#### Work item:
Starting with the line with "Cepilo de dientes" in the entries below and going on through the line with "Wassermelone-Ikone im flachen", output every line exactly and nothing more. No pictures.

#### Extracted material:
━━━━━━
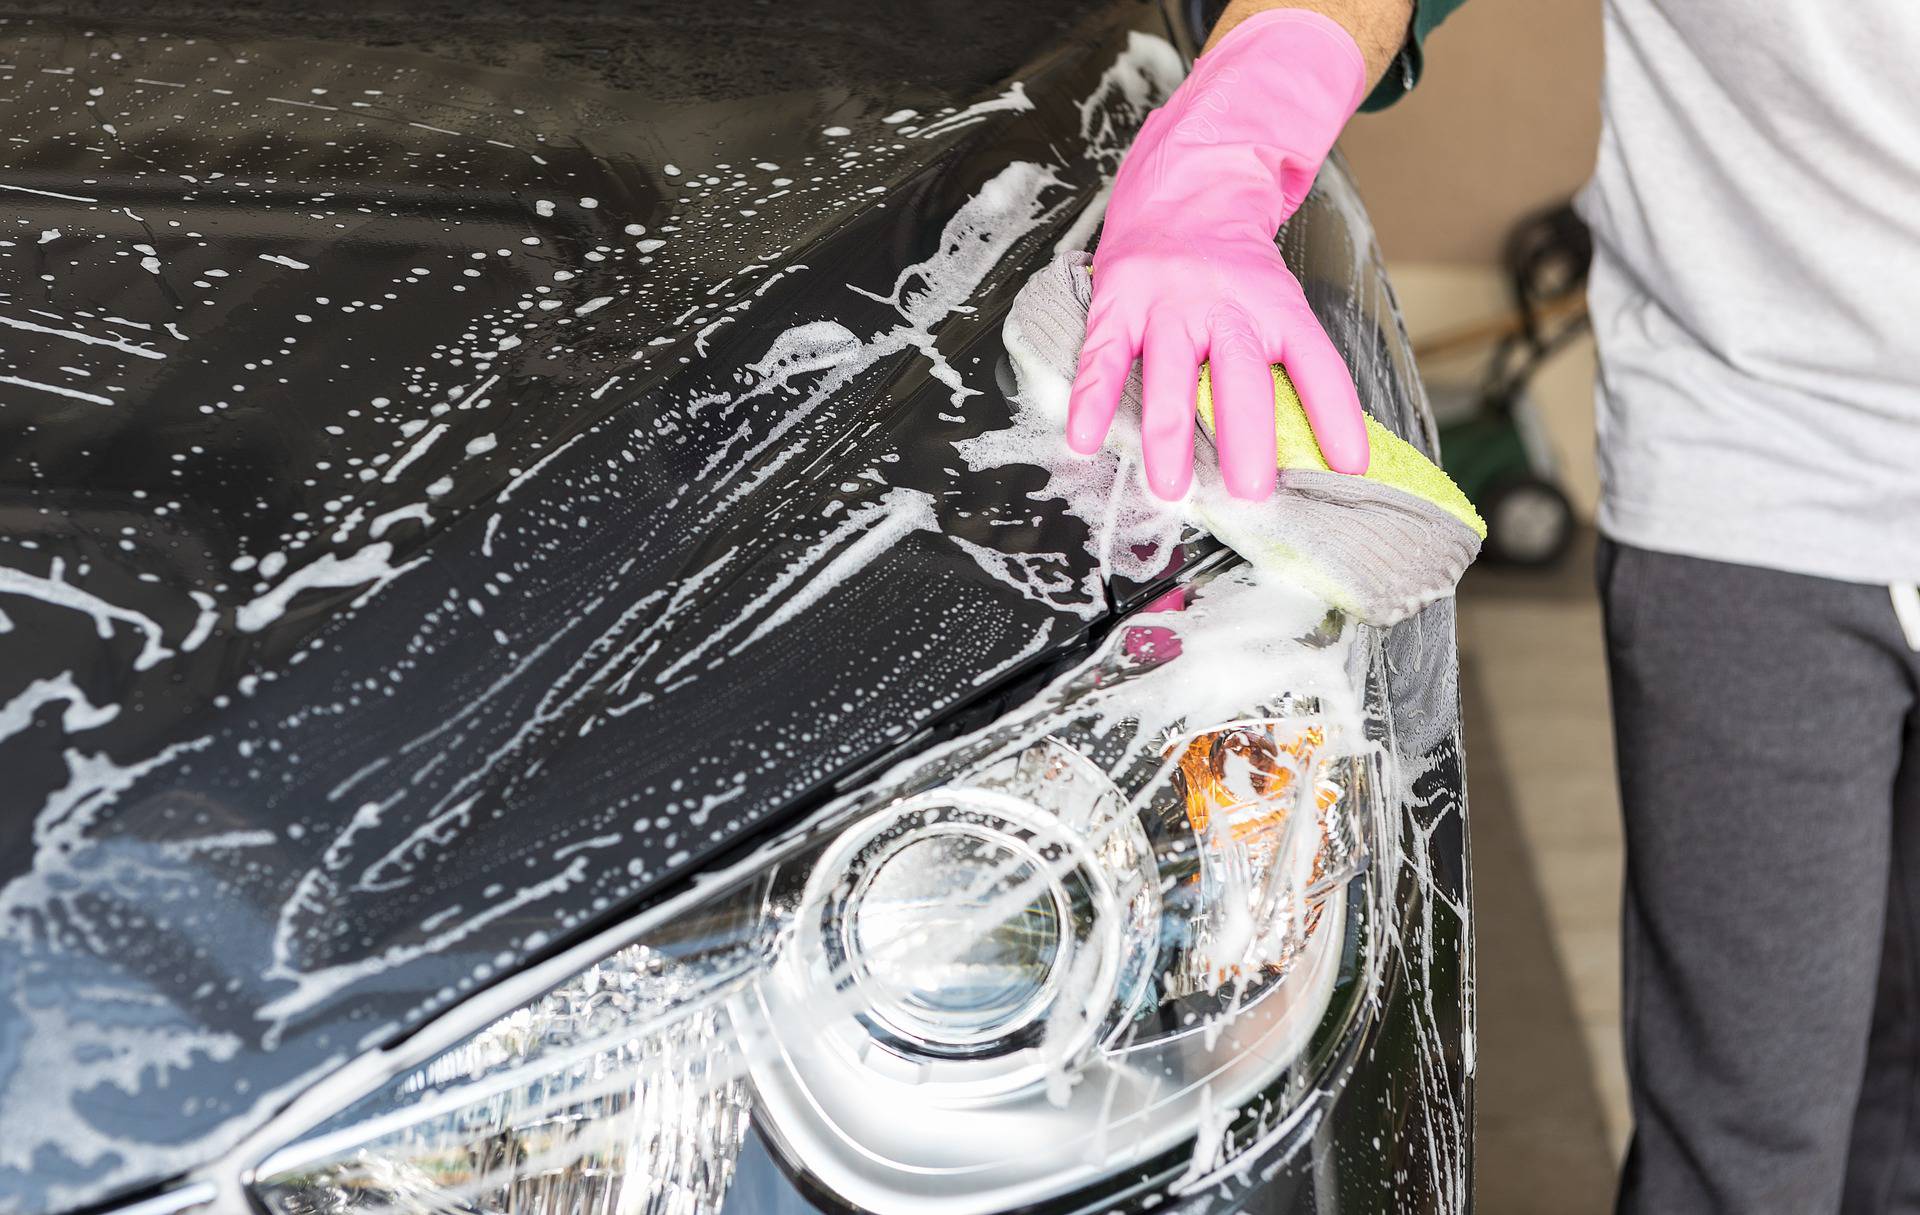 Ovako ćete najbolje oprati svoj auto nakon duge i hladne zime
━━━━━━
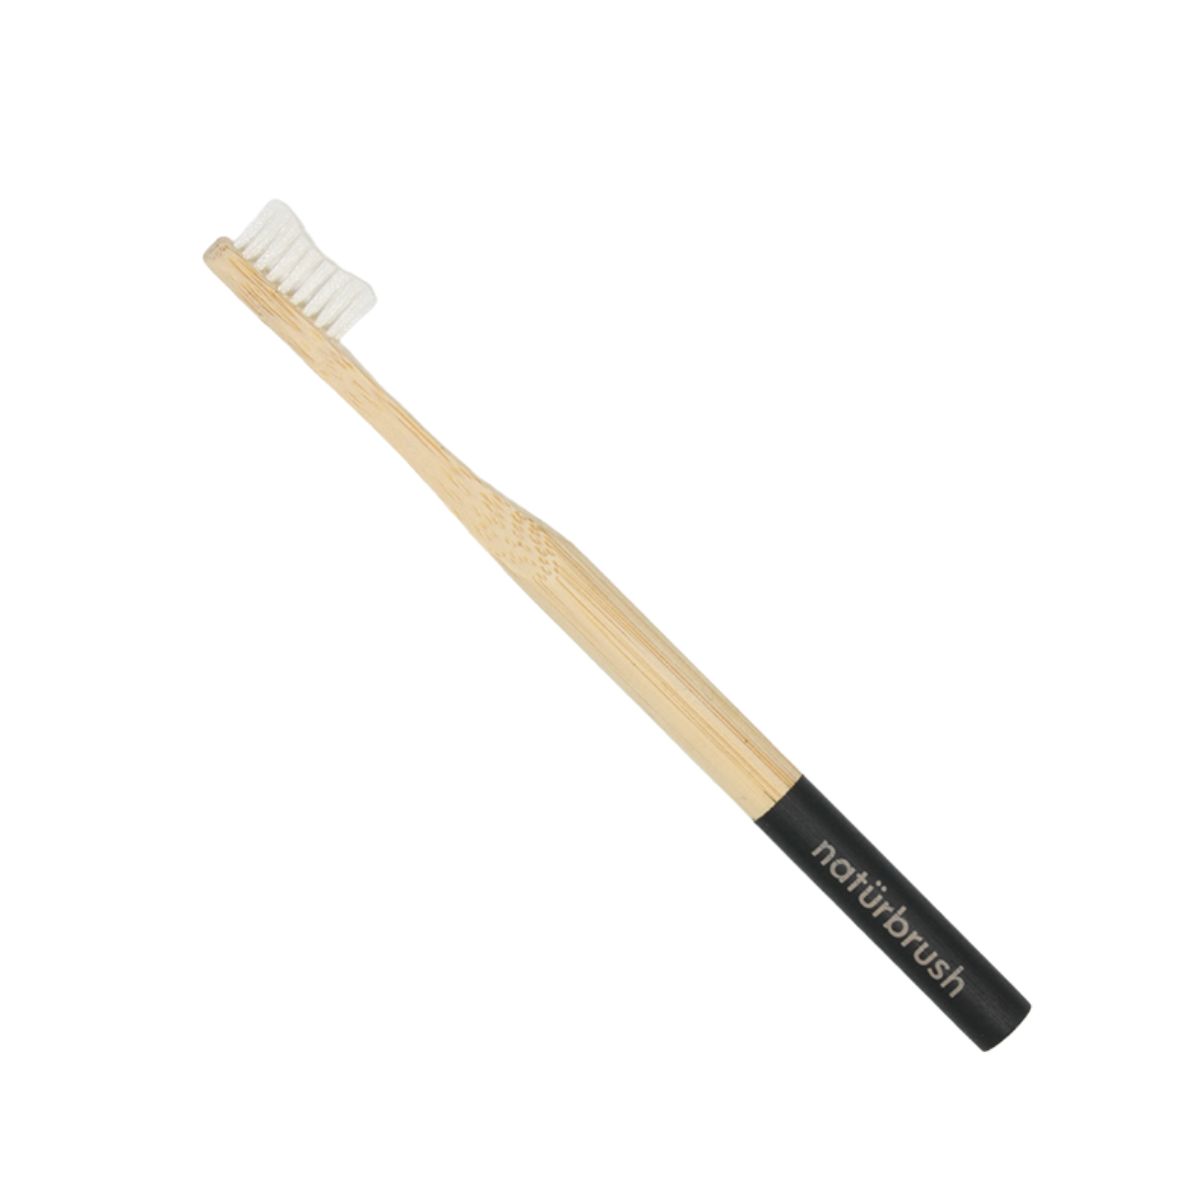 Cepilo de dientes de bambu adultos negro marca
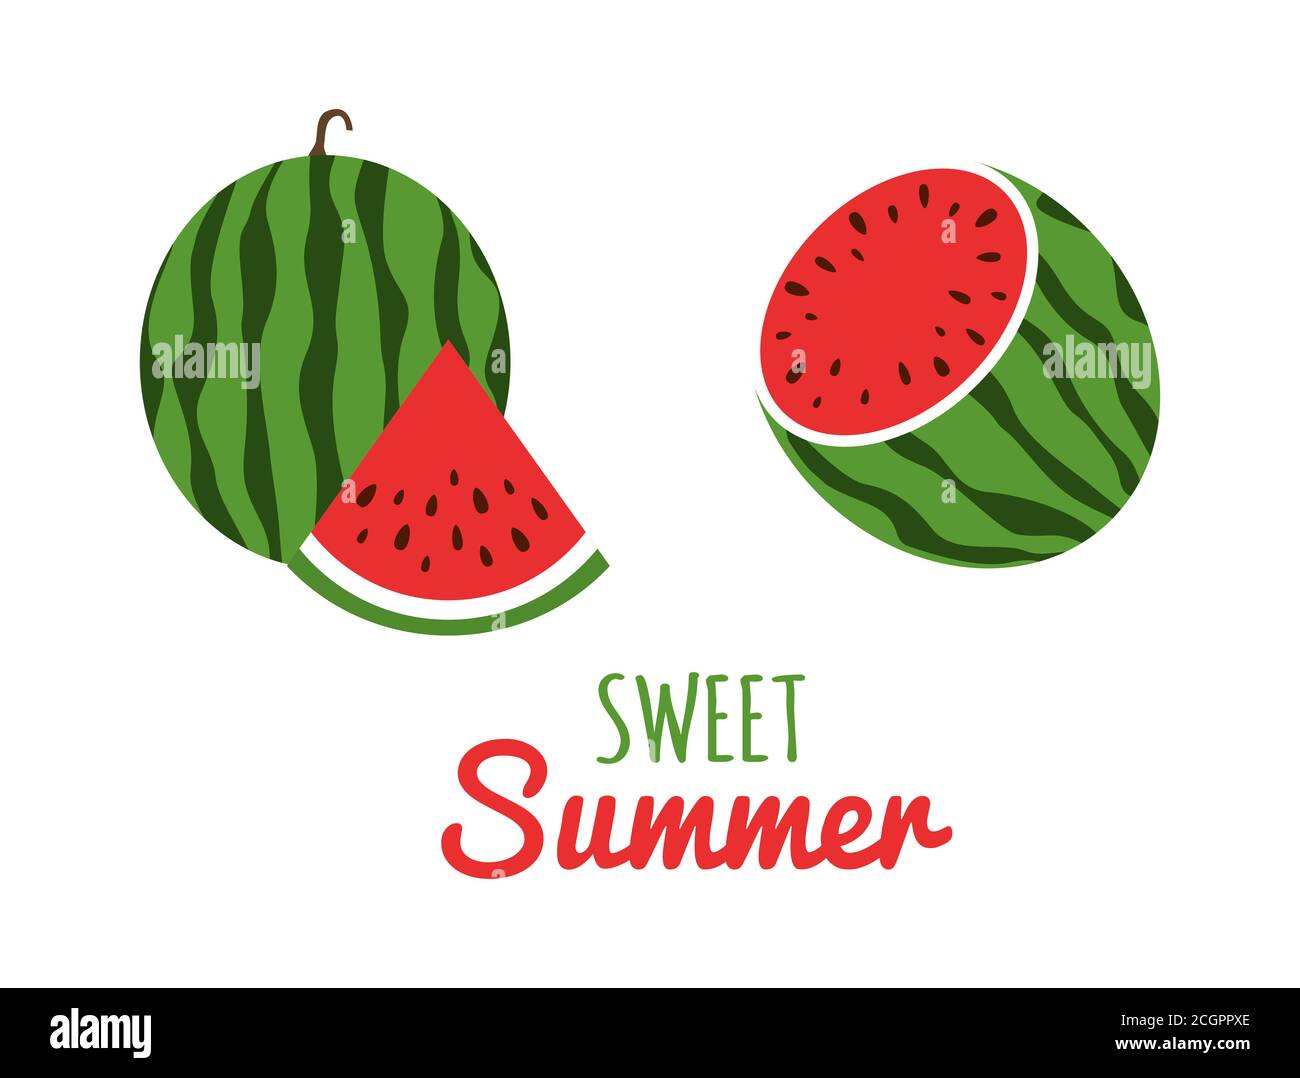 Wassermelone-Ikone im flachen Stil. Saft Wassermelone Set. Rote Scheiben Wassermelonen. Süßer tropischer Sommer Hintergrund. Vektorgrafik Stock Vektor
━━━━━━
#### Task output:
 Cepilo de dientes de bambu adultos negro marca
 Wassermelone-Ikone im flachen Stil. Saft Wassermelone Set. Rote Scheiben Wassermelonen. Süßer tropischer Sommer Hintergrund. Vektorgrafik Stock Vektor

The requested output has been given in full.